RE: Collapse of Nigeria’s Power Privatisation
I found Timi Soleye’s piece in the Financial Times interesting. The Financial Times and its editors would have a lot to lose by reputation if Soleye produced a story of the privatisation of the electric power sector in Nigeria without facts. And one which could we can readily debunk with counter-facts. Newspaper often restrain articles they publish by word count limits, causing summarisation and missing details. Does one have to represent hidden vested interests to write what they think or observe?
Well, let us stick to the claims in Eyo Ekpo’s response. First, is that Nigeria’s privatisation has universal acclaim as the most transparent and comprehensive of its kind? That is, ever to take place anywhere in the world, despite its size and complexity, is most inaccurate. Privatising a dysfunctional few thousand megawatts of electric capacity for a nation is derisory. Especially, regarding Nigeria’s income history, massive population and perniciously underestimated electric demand do not make for significant size.
In fact, a country with a population of 60 million people should have an installed operational electric power capacity 100,000MW. In complex electric networks, electricity transmission is by pooling via “loop systems.” Nigeria’s network is an archaic “radial system” causing endless shedding of electricity. It is essential to note Nigeria has one of the very lowest electricity consumption per capita figures in the entire world. In essence, Nigeria privatised power cuts, blackouts.
Second, I presented a document to NEPA/PHCN when J O Makanju was the managing director. It contained detailed facts that the Nigerian power sector was operating at less than 10% efficiency. France has the most efficient industry in the world and operates at 35% efficiency under conditions of constant electricity. It was a document I also showed two NEPA / PHCN directors and a minister and former minister of state. They were stunned by the facts and even got senior engineers to the sector to evaluate the facts, but assured me the privatisation would go ahead back then. No audit of efficiency or asset conditions of the electric power sector in Nigeria has ever have been conducted since. If it has, can we please have details?
Third, the “steady state of NESI” is fancy talk. Where is the steady-state constant electricity the sector is supposed supplying to consumers? Is that not what the privatisation is all about? I guess it is a case of “we are getting there”, hope.
Fourth, since when has Nigeria been a bastion of rule enforcement? Due diligence and preparatory procedures, especially as meetings and documentation, have never failed to impress observers in any sector in Nigeria. It is in realisation and operations that the disappointment and failure begin. Market transition rules are primarily legal reform requirements. They are not a measure or indicator of performance or efficiency of any sector.
Fifth, the most significant stakeholder in the electric power sector is the consumer. The stakeholders highlighted as necessary to the industry are distinctly “elite”, owners and regulators (and “facilitators”). Dr Lanre Babalola, as a minister, was furious (NERC tasted pepper) with the poor strategies and levels of revenue collection from electricity consumers. While the “electricity elite” were mis-forecasting and perniciously underestimating daily electricity demand, marketing privatisation as a panacea, promising constant electricity and selling hope.
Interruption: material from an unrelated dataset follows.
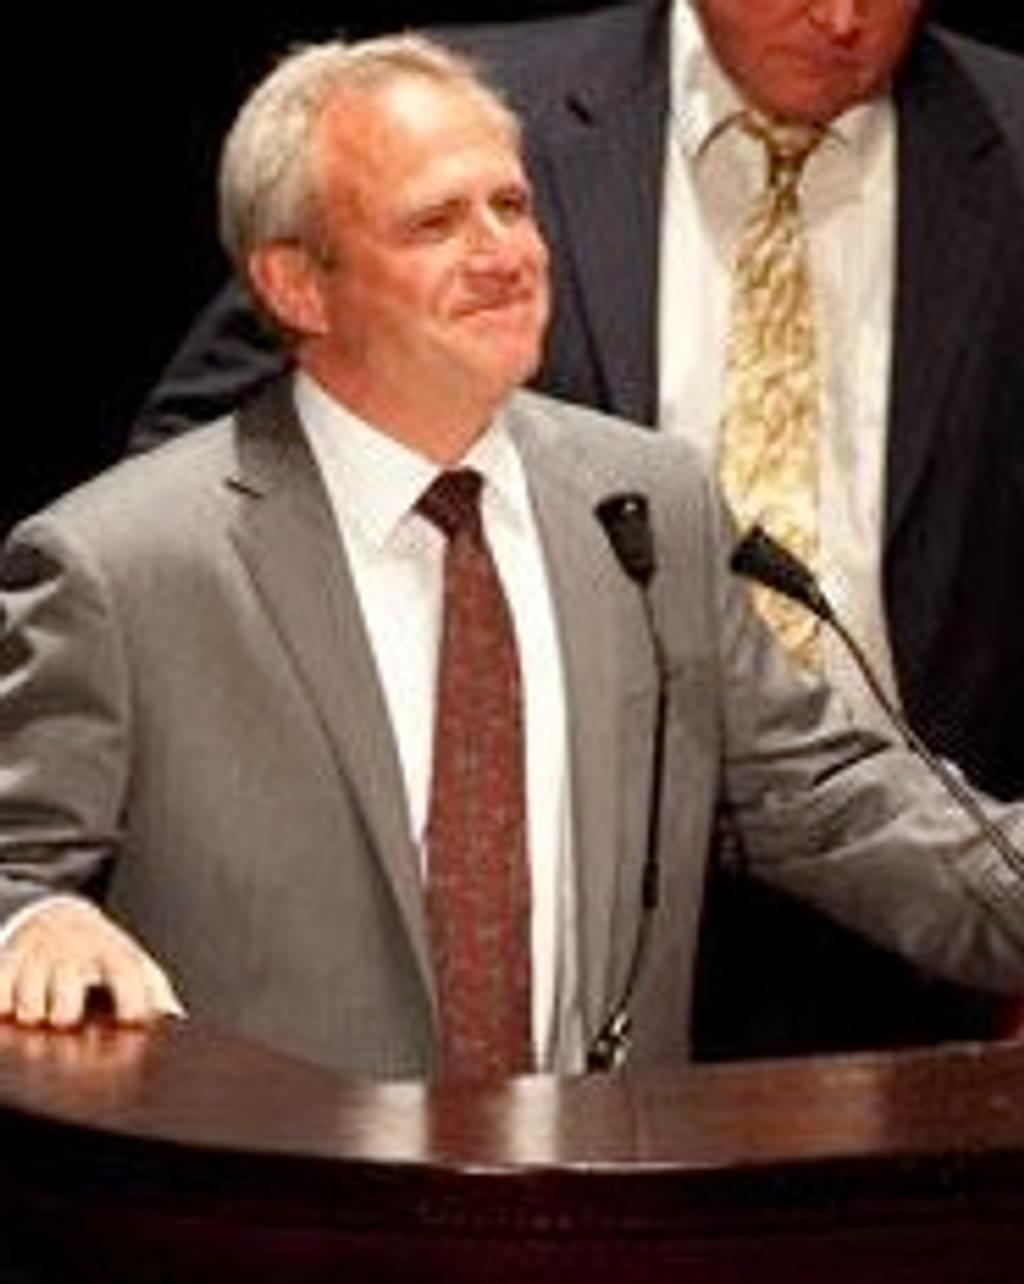 Texas Enacts "Michael Morton Act" Intended to Reduce Wrongful Convictions

No one took out time to evaluate the affordability of electricity for the customer. Or the incidence and impact of power theft on revenues. And the potential debt burden of non-payment on the sector. Articulated rules are not action(s). Prepayment metering has not provided the magic. Nowhere near what its beneficiaries promised. And no initiatives for alternative methods seem to be considered. $1 billion unpaid is a lot of money to be owed to any sector anywhere in the world.
Sixth, the term “discerning investor” is sometimes another name for project finance participants. It is a consortium of investors who share and spread the risks of investing in financing privatised sector assets. Say, with concessionaire BOT (Build-Operate-Transfer) projects. Investors dislike losing money, and Nigeria has many country risks. The most eager foreign interests in the Nigerian electric power sector are electric turbine sellers like GE and Siemens; they do strictly turnkey business.
Furthermore, operations investors are wary of the Nigerian electric power sector. Enron-AES IPP in Lagos State even has its turbines on barges that it can tug away when necessary. Senior executives Bureau of Public Enterprises were in unison in the claim that foreign investors did not undertake the purchase of Nigerian assets. Nigerians bought the assets often using foreign fronts. The NIPP scandal on participation, scale and scope were utterly disastrous for foreign interest in Nigerian electric power sector investment.
Seventh, is it true that they imported $4 billion worth of turbines into Lagos port? Then left there to accrue huge demurrage. Because the project principals of the NIPP had not considered the difficulty of transporting them to their riverine destinations? No delivery feasibility studies. Moreover, they then auctioned these turbines for peanuts to non-existent buyers because of the unsustainable demurrage accrued. The recovery of the turbines by the government was a good thing, though. I can see the link between ports and the electric power sector slightly in this case.
Nevertheless, if see no evil, hear no evil, speak no evil is the motto of NERC, we have to wish it the very best.